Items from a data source
========

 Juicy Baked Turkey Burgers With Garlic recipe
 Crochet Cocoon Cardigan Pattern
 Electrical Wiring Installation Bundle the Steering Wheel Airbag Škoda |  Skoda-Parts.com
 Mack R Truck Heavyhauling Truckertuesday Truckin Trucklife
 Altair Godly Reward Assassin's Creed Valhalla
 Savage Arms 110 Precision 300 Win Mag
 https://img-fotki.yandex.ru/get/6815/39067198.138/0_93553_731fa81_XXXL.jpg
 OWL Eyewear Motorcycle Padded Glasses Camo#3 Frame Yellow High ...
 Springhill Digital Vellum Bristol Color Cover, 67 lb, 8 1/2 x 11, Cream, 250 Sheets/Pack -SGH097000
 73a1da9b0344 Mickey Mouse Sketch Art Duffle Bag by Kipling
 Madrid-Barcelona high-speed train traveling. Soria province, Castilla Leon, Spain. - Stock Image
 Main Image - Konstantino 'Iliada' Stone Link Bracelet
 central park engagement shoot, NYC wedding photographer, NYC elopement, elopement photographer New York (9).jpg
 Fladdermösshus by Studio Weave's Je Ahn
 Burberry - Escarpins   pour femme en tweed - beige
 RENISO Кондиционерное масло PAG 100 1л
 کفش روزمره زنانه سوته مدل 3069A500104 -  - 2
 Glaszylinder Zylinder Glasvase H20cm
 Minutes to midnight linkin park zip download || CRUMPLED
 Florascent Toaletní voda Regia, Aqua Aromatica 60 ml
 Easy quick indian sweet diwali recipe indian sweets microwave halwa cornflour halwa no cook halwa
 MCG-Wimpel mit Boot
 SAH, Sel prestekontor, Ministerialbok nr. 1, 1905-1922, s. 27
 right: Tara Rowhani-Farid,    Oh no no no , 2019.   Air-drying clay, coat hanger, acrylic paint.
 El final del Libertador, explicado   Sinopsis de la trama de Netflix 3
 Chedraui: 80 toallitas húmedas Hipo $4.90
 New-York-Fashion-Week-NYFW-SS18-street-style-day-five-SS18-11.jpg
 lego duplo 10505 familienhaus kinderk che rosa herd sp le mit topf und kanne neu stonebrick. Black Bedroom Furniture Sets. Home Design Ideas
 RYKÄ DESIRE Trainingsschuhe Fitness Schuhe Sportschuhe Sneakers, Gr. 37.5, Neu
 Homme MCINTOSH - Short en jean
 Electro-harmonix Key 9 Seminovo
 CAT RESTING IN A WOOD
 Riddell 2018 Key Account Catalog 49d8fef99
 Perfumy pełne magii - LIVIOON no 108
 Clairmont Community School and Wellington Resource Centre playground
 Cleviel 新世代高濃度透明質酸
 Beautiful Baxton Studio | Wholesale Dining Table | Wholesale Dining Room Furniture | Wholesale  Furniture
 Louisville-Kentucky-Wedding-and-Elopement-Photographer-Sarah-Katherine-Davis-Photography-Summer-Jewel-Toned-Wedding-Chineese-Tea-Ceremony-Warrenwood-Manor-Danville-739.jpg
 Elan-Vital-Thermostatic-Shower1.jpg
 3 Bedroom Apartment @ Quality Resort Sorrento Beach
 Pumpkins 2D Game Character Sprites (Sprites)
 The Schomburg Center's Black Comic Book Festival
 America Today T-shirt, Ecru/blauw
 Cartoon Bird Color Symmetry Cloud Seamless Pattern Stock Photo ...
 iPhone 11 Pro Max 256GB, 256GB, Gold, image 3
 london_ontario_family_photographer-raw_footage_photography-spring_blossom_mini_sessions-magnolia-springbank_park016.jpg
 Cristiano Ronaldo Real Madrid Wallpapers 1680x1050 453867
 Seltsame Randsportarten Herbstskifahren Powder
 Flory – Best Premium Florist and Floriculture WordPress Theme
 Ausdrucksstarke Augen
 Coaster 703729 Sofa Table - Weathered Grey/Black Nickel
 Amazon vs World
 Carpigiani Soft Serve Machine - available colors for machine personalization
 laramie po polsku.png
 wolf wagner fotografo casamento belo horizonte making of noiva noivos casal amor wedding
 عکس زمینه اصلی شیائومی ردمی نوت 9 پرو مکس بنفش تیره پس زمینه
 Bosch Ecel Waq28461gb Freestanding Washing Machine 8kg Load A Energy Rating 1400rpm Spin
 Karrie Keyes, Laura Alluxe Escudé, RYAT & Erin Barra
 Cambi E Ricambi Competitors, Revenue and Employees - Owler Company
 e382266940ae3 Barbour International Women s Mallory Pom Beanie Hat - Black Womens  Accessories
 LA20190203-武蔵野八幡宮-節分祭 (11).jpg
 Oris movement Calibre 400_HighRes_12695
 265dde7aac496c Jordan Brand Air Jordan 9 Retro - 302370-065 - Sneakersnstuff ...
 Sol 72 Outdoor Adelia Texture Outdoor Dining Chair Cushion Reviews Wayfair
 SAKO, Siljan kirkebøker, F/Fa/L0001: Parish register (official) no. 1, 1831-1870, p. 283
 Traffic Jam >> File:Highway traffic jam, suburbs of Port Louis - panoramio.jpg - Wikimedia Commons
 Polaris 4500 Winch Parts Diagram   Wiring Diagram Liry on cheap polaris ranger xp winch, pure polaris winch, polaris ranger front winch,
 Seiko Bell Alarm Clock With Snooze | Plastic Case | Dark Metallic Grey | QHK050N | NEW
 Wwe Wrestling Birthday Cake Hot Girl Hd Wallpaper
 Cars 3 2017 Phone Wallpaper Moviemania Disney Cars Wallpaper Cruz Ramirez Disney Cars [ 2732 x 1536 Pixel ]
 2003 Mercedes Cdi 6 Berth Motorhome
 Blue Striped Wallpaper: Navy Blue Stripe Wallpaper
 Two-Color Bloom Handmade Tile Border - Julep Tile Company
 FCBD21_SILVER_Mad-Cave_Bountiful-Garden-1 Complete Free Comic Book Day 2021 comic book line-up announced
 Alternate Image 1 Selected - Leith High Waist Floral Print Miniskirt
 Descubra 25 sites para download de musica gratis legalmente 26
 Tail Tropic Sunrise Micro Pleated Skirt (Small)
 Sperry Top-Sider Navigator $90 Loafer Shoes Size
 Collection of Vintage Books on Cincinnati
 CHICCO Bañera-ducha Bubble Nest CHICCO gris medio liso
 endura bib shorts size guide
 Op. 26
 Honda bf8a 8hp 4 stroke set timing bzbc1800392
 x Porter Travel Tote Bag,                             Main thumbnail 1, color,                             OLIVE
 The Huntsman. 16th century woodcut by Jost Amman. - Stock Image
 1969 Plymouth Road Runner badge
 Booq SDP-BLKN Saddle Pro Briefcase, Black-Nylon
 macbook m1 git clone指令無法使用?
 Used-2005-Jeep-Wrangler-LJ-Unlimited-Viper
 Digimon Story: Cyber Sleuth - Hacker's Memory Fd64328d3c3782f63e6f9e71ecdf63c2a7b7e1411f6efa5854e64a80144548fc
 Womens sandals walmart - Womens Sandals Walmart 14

========

Exact copies of the lines from the start of the data up to the line holding "SAH, Sel prestekontor, Ministerialbok", both included, are all that is needed.

## Task output
 Juicy Baked Turkey Burgers With Garlic recipe
 Crochet Cocoon Cardigan Pattern
 Electrical Wiring Installation Bundle the Steering Wheel Airbag Škoda |  Skoda-Parts.com
 Mack R Truck Heavyhauling Truckertuesday Truckin Trucklife
 Altair Godly Reward Assassin's Creed Valhalla
 Savage Arms 110 Precision 300 Win Mag
 https://img-fotki.yandex.ru/get/6815/39067198.138/0_93553_731fa81_XXXL.jpg
 OWL Eyewear Motorcycle Padded Glasses Camo#3 Frame Yellow High ...
 Springhill Digital Vellum Bristol Color Cover, 67 lb, 8 1/2 x 11, Cream, 250 Sheets/Pack -SGH097000
 73a1da9b0344 Mickey Mouse Sketch Art Duffle Bag by Kipling
 Madrid-Barcelona high-speed train traveling. Soria province, Castilla Leon, Spain. - Stock Image
 Main Image - Konstantino 'Iliada' Stone Link Bracelet
 central park engagement shoot, NYC wedding photographer, NYC elopement, elopement photographer New York (9).jpg
 Fladdermösshus by Studio Weave's Je Ahn
 Burberry - Escarpins   pour femme en tweed - beige
 RENISO Кондиционерное масло PAG 100 1л
 کفش روزمره زنانه سوته مدل 3069A500104 -  - 2
 Glaszylinder Zylinder Glasvase H20cm
 Minutes to midnight linkin park zip download || CRUMPLED
 Florascent Toaletní voda Regia, Aqua Aromatica 60 ml
 Easy quick indian sweet diwali recipe indian sweets microwave halwa cornflour halwa no cook halwa
 MCG-Wimpel mit Boot
 SAH, Sel prestekontor, Ministerialbok nr. 1, 1905-1922, s. 27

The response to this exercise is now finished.